RIYADH: The time has come to hang another Future Investment Initiative badge on the lanyard tree in Kane Castle, and wrap up from Riyadh for another year. That’s three in a row I’ve attended now. If the event is staged in the same form next year (see below) surely I’ll qualify for some kind of loyalty reward — maybe special “light search” status through the airport-type security on each entrance to the Ritz Carlton? Or diner a deux with Pepper the robot?
You can probably tell my mind is wandering, but FII has that effect on you. A combination of early-morning starts, Riyadh rush-hour driving and Ritz Carlton security — followed by the zappy mind blast that is the FII experience — tend to make your train of thought a bit random. So, in an effort to bring some order, here is a list of my five top takeaways from FII 2019.
1. The IPO of Saudi Aramco was by far the hottest topic at the show. From the very first morning, when local media reported that a date had been set for the long-awaited share sale, the question I heard most over the three days was: Is it on? Virtually every financial panel had some line on the IPO, and it was the top dinner-table topic of conversation too. Over the past three years, the future of the Kingdom has become inexorably intertwined with the Aramco IPO. We should not have much longer to wait now.
2. Sustainability has come off the tick-box list and is now being taken seriously by the world’s big decision-makers. In 2017, at the first FII, concerns about climate change and the environment were paid lip-service, but you got the impression it was only to put a cross in the appropriate ESG box. In 2019, many speakers made sustainability the top items in their keynotes, including the Saudi energy minister Abdul Aziz bin Salman with his “circular carbon economy.” There is nothing so potent as an idea whose time has come.

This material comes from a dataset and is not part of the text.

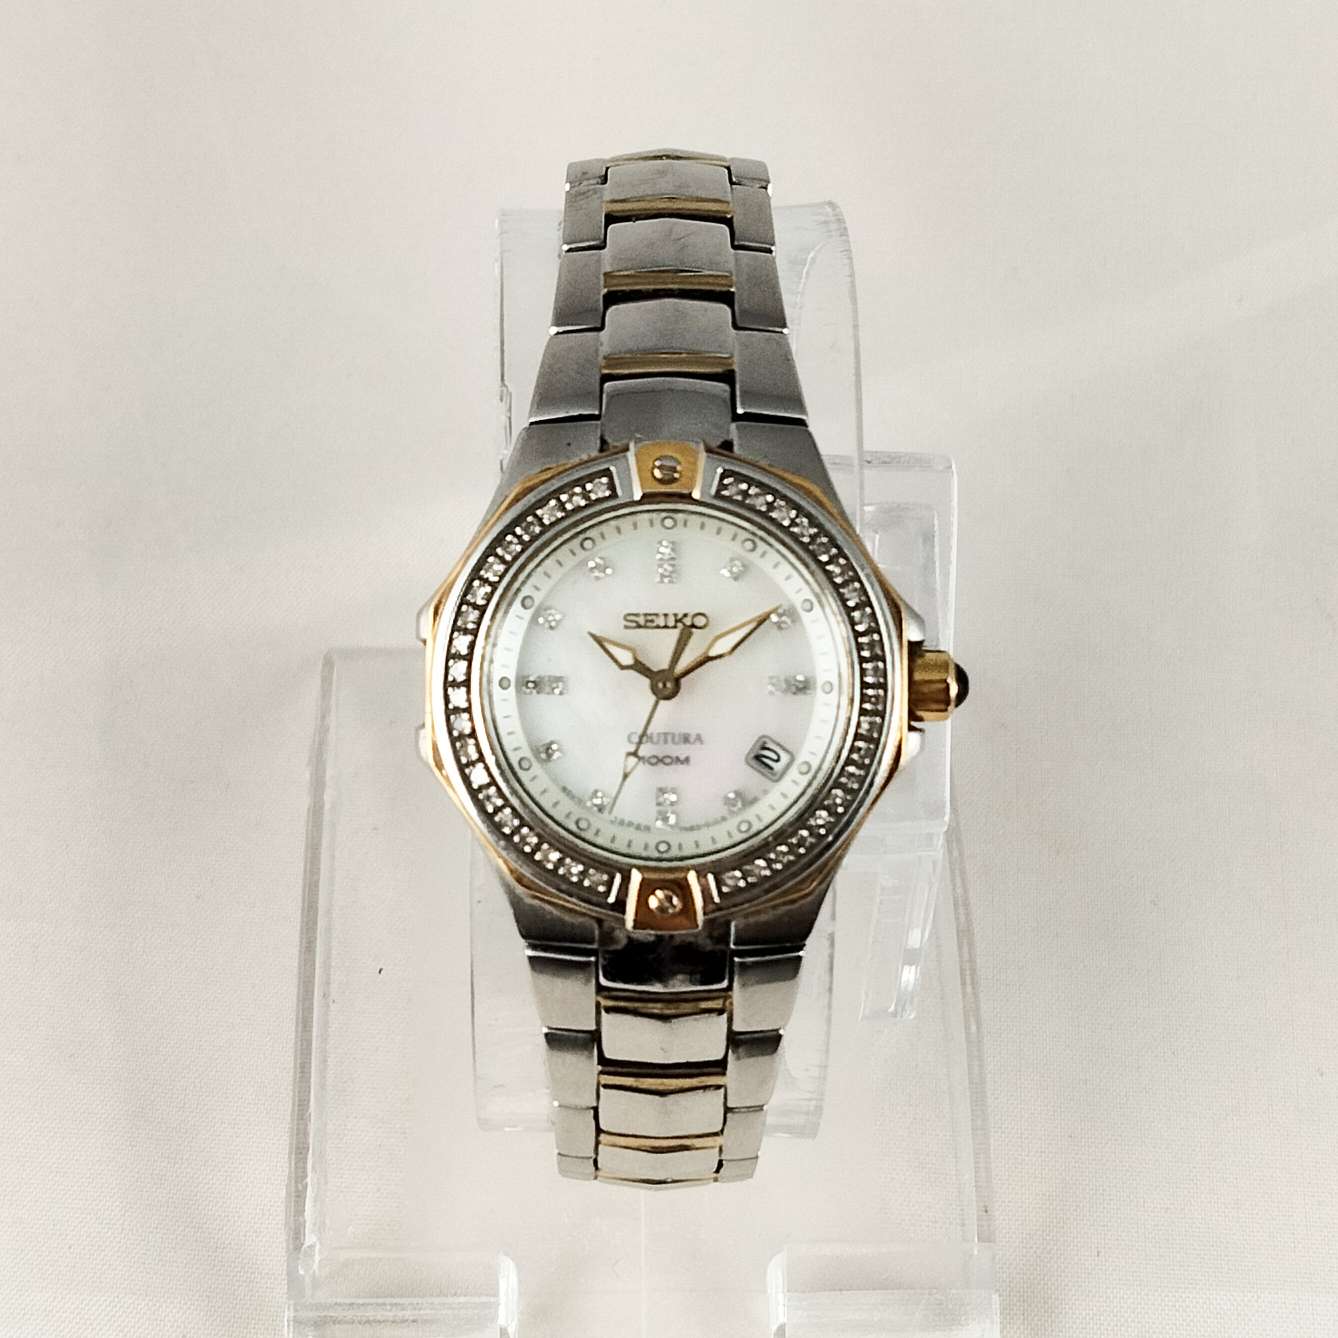 Seiko Coutura Watch, Mother of Pearl Dial, Jewel Details, Bracelet Strap

3. The future will be smart, and automated. Aramco was the biggest single conversation topic, but more official time was taken up by technological innovation, artificial intelligence, robotics, digital infrastructure and the rest of the “smart” revolution. One of the mind-boggling facts on offer was that Saudi Arabia has the second-highest level of per capital spend on technology, only behind gadget-crazy Japan. Pepper the robot was only the tip of an iceberg of automated floor cleaners, autonomous cars and more apps than you could imagine existed.

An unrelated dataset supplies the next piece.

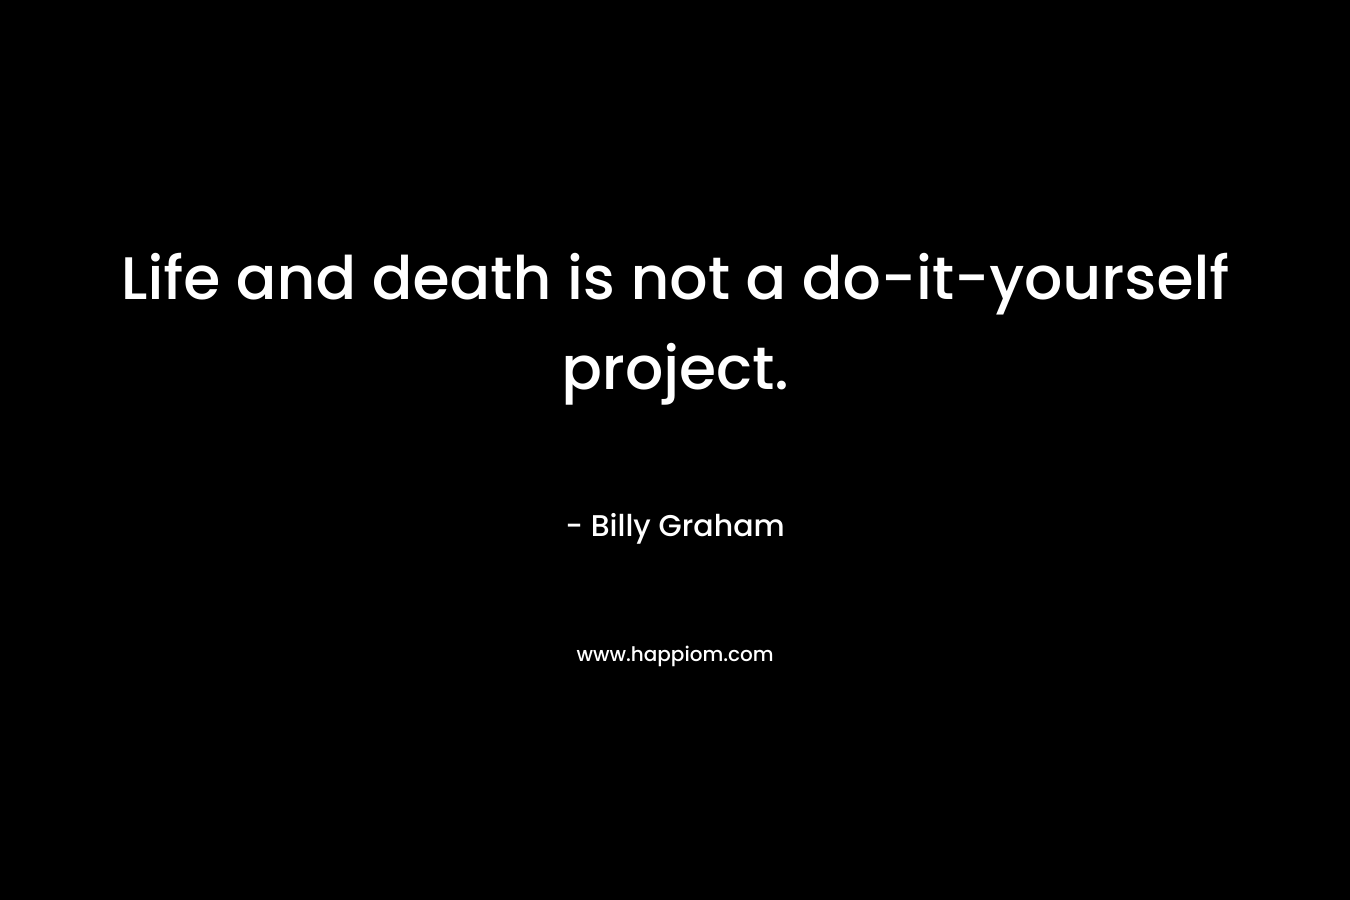 Life and death is not a do-it-yourself project. – Billy Graham

4. It’s still the people that make FII a success. One of the great pleasures of walking the hangar-like halls and corridors of the Ritz Carlton complex is the random meeting. You’re having a quick nicotine fix on the terrace and find yourself beside Masayoshi Son of SoftBank (there purely to get some air and escape the frigid air-conditioning). It’s disconcerting, to say the least. Some of the best meetings begin this way. I randomly bumped into British businesswoman Amanda Staveley, for example, and heard intriguing whispers of big deals ahead the football world. A few candid minutes with former White House communications director Anthony Scaramucci produced some unprintable anecdotes and a firm conviction that Donald Trump would not be president again.

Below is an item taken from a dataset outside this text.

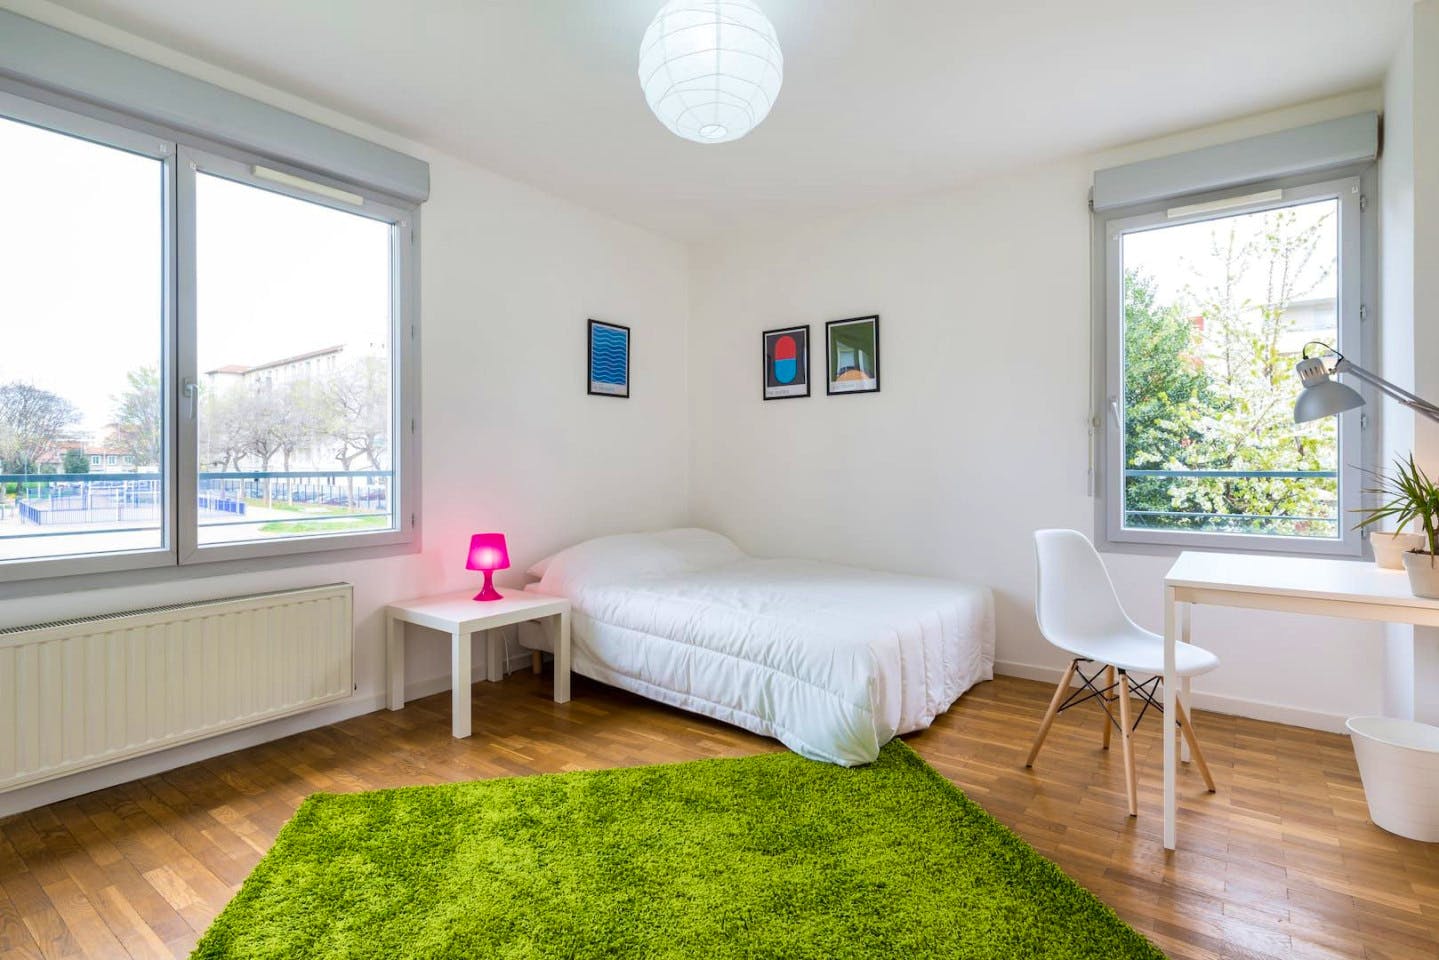 5-Bed Apartment on Avenue Debourg

5. There are some serious choices to be made about FII 2020. After a successful third event in which it has established itself as the premier thought-leadership event in the Middle East — living up to the “Davos in the Desert” sobriquet — in 2020 FII will find itself with come serious competition. Next November, the Kingdom will host the G20 gathering of world leaders, perhaps the ultimate event in the global forum space. Is Riyadh big enough for both of them within a few weeks of each other? We shall see.